According to the researcher, the point was to put certain strategies into practice. “As many researchers were invited to government positions, an efficient strategy was to introduce the notion of higher education as an expression of the academic world; in other words, the issue was to introduce what was actually a political program as an expression of academic will”, says Ana Paula. “Thus, the academic higher education program was designed within a political context. The rule was to belong to an elite that set itself apart by its specific cultural capital. This capital was also social capital, created in the course of academic and professional training, which includes circulating internationally.” In the author’s opinion, the result was the establishment of a new level of power, in which the experts belong to an international market, impose political guidelines upon the local level, and work side by side with experts trained in the national academic and scientific world.

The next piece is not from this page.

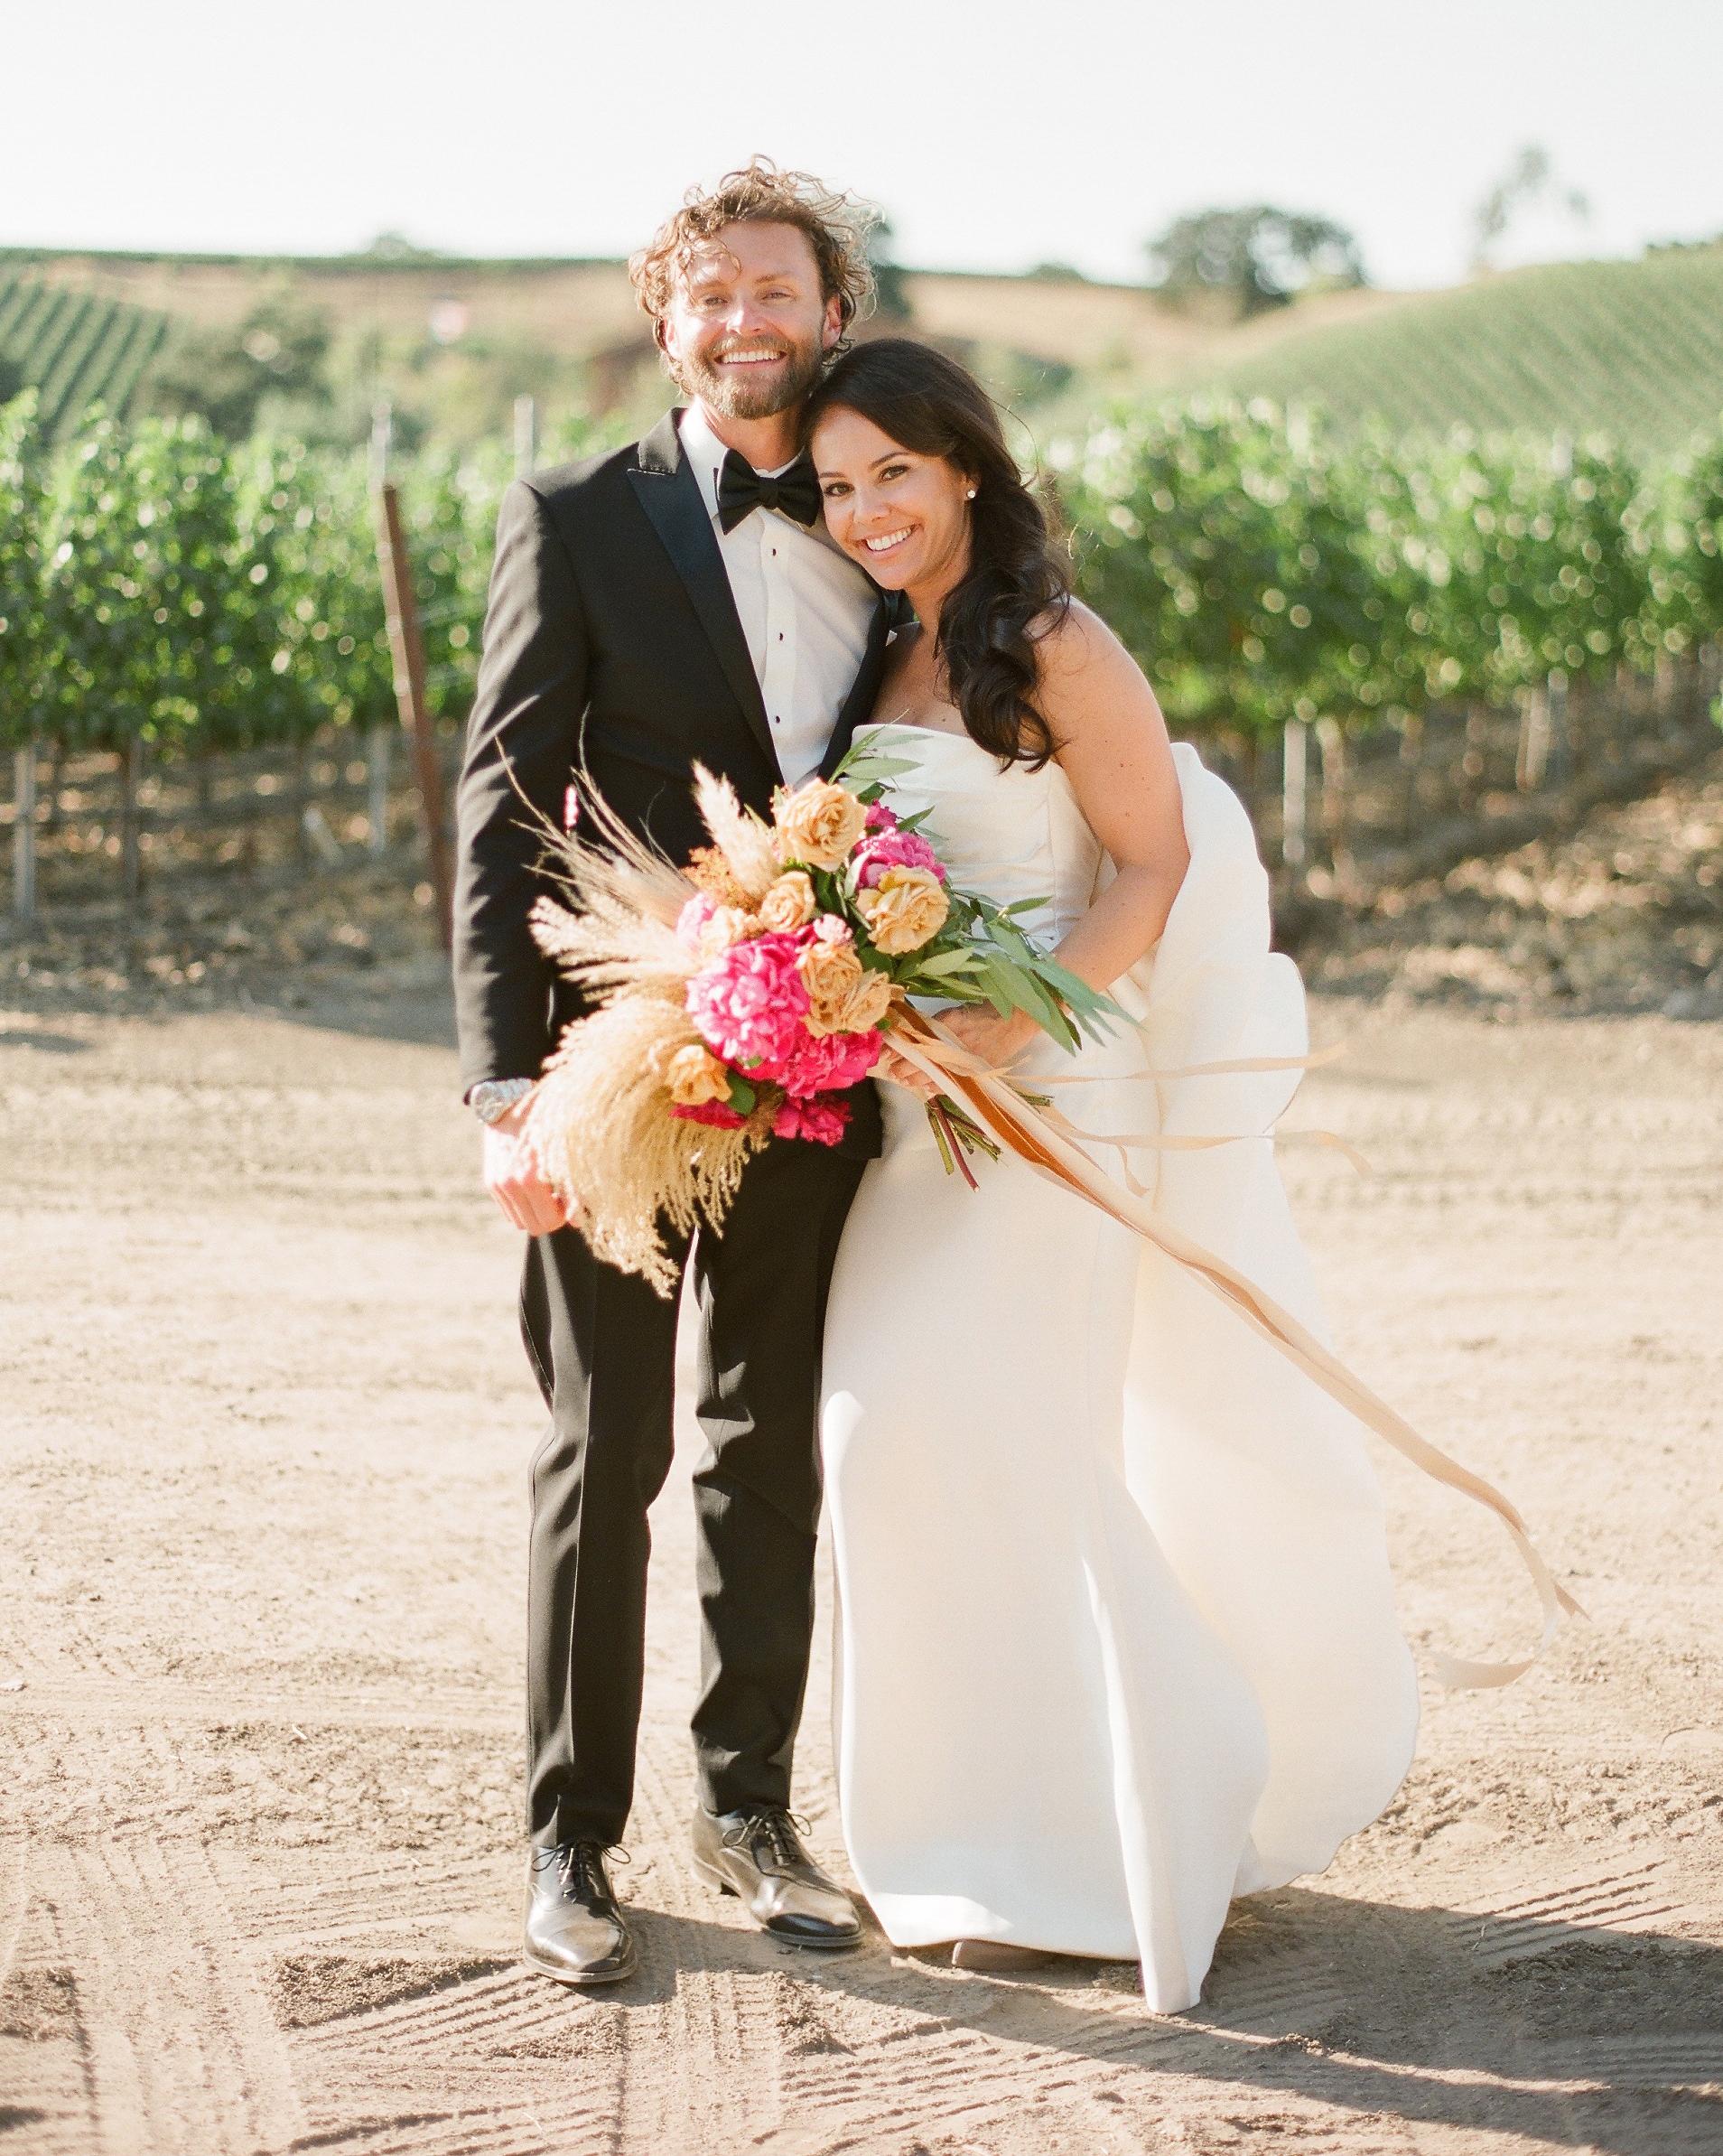 corrine-patrick-wedding-santa-ynez-44420014-1-s110842-0215.jpg

“Academic recognition plays a key role in this struggle, as it confers legitimacy on practical political actions.” Thus, the cosmopolitan capital of the elite engaged in the struggle for the construction of an international space of knowledge for the State would allow them to ensconce themselves in a key role in the definition of national institutional models. The objective was to “invest in the international arena to reinforce their positions in the field of national power while also leveraging their domestic notoriety to gain recognition in the international arena. The cosmopolitan strategies in these phenomena present themselves as being at the service of national interests, whereas, inversely, national strategies claim universal values. In short, these are the ideas that the former scholarship grantees brought back from their trips abroad, thus allowing us to envision a new position for Brazil on the global stage,” Letícia points out.